Il faut aussi nommer Hervé, dont Dominique Guesquière brossait la biographie récemment. L’ouvrage érudit de Bernard Crétel, édité lui aussi avec un soin quasi luxueux par les éditions Delatour France (avec le soutien du Palazzetto Bru Zane) a le mérite de ramener à la lumière un univers théâtral disparu (les Bouffes-Parisiens, les Menus-Plaisirs, la Gaîté, les Folies-Dramatiques, les Nouveautés, les Variétés), et une société éteinte elle aussi (une petite bourgeoisie friande de spectacles légers, amusants, surprenants mais pas trop, surtout convenables, ménageant l’innocence des jeunes filles à marier).

« Audran est un petit maigriot, trottinant, malade imaginaire », écrit cette peste de Willy.
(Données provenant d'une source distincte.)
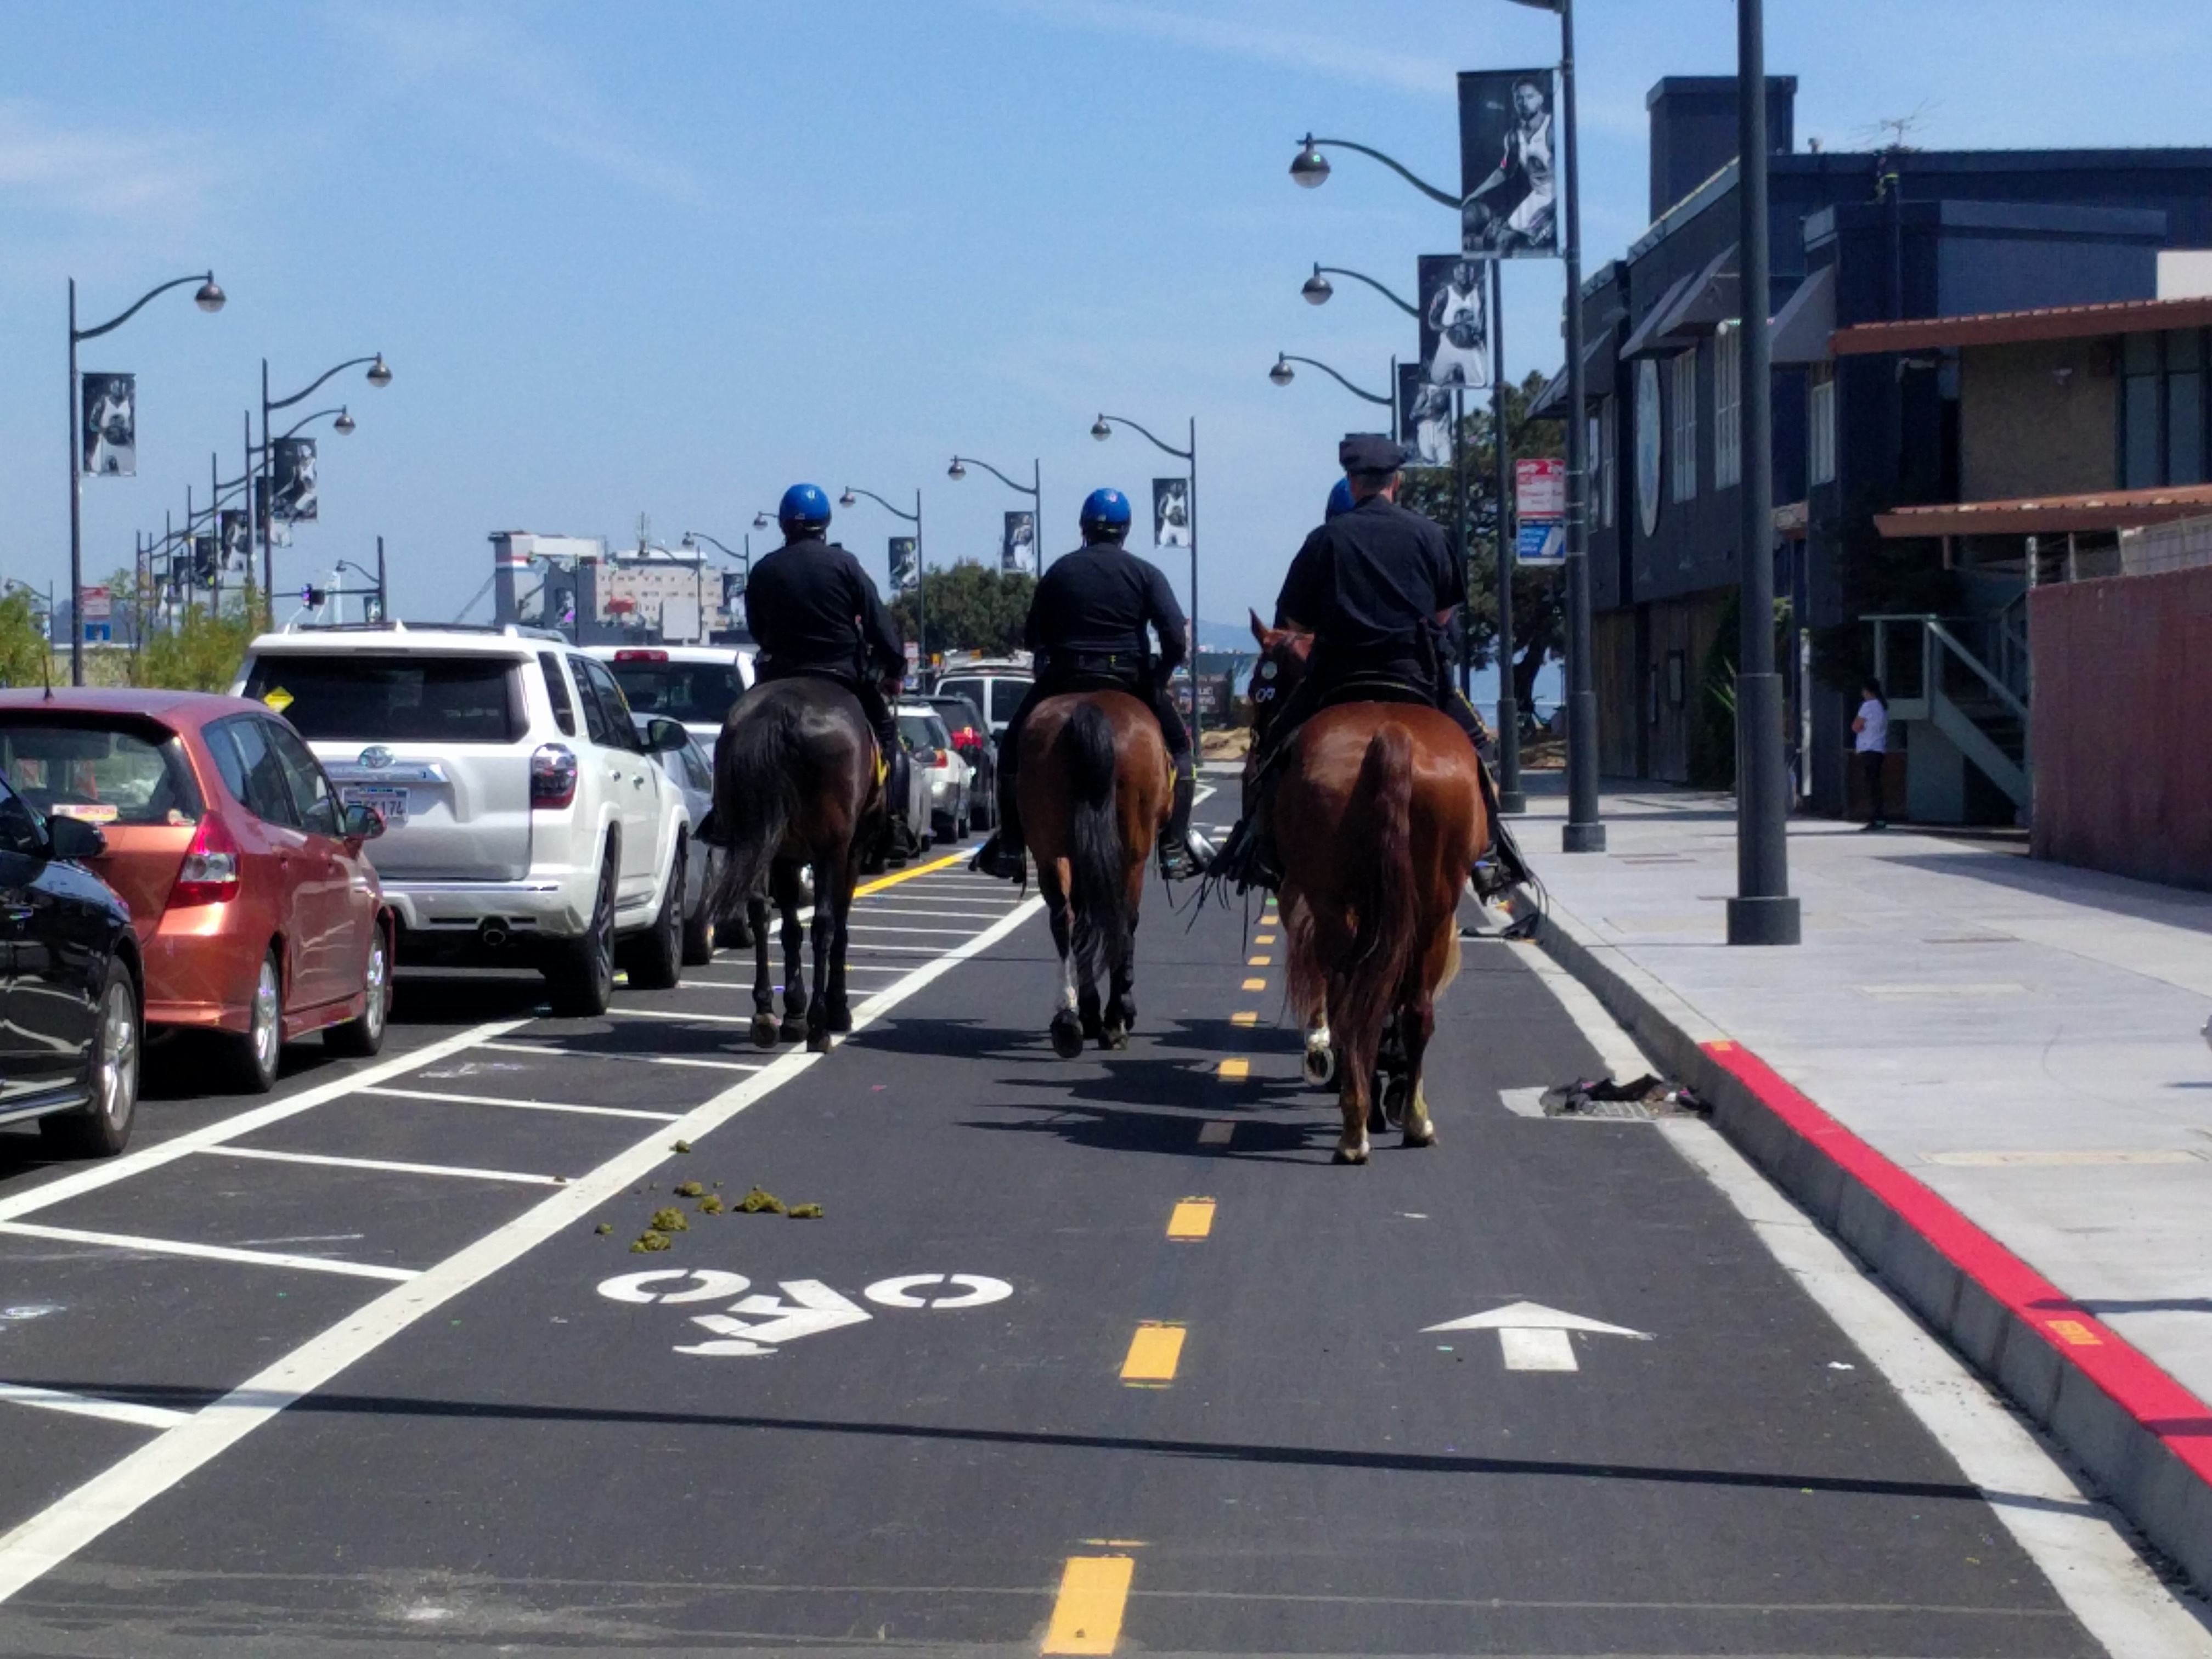 These horses asses were using the bike lane--literally.

Un corps de jockey, un visage passe-partout, une force de travail inépuisable, une vie familiale impeccablement ennuyeuse, un métier sûr et surtout un imaginaire en accord avec celui de son public, à quoi s’ajoute une génération d’interprètes maîtrisant les canons et les conventions du genre, voilà de quoi produire des succès comme les cerisiers produisent des cerises.
Un enfant de la balle
Bernard Crétel, qui dirigea la revue « Opérette » et s’occupe aujourd’hui du webmagazine « Théâtre Musical-Opérette » a vraisemblablement passé de nombreuses années à collationner scrupuleusement les livrets des opérettes d’Audran (dont la lecture des résumés n’est pas toujours enchanteresse) et d’innombrables articles de petits journaux.
Et à reconstituer le parcours d’un homme né dans le sérail. Son père, Marius Audran, avait été glorieux avant lui : alors que, jeune maçon, il chantait à pleine voix sur un échafaudage, il fut remarqué par des voisins (une légende familiale dit que ce fut Cherubini qui passait par là) et encouragé à poursuivre dans cette voix. De là une carrière qui, via le Grand Théâtre de Marseille, ceux de Bordeaux et Lyon, le mènera à être dix ans durant le premier ténor de l’Opéra-Comique. Styliste « au chant gracieux et élégant », il eut pour chevaux de bataille Fra Diavolo, La Dame blanche, Si j’étais roi, Martha ou Zampa.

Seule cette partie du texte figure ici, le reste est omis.